Freeze-In Production of FIMP Dark Matter

TL;DR

This paper introduces a new dark matter production mechanism called thermal freeze-in, where FIMPs are produced in the early universe without reaching thermal equilibrium, offering testable predictions and independence from unknown high-energy physics.

Contribution

It presents the calculable thermal freeze-in mechanism for FIMP dark matter, distinct from freeze-out, with implications for experimental detection and cosmological observations.

Findings

Freeze-in yield is IR dominated near the FIMP mass.

Relic abundance depends on measurable particle properties.

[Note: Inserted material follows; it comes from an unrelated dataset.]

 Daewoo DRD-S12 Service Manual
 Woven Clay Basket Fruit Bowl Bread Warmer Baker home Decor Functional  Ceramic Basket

Mechanism is independent of reheat temperature after inflation.

Abstract

We propose an alternate, calculable mechanism of dark matter genesis, "thermal freeze-in," involving a Feebly Interacting Massive Particle (FIMP) interacting so feebly with the thermal bath that it never attains thermal equilibrium. As with the conventional "thermal freeze-out" production mechanism, the relic abundance reflects a combination of initial thermal distributions together with particle masses and couplings that can be measured in the laboratory or astrophysically. The freeze-in yield is IR dominated by low temperatures near the FIMP mass and is independent of unknown UV physics, such as the reheat temperature after inflation. Moduli and modulinos of string theory compactifications that receive mass from weak-scale supersymmetry breaking provide implementations of the freeze-in mechanism, as do models that employ Dirac neutrino masses or GUT-scale-suppressed interactions. Experimental signals of freeze-in and FIMPs can be spectacular, including the production of new metastable coloured or charged particles at the LHC as well as the alteration of big bang nucleosynthesis.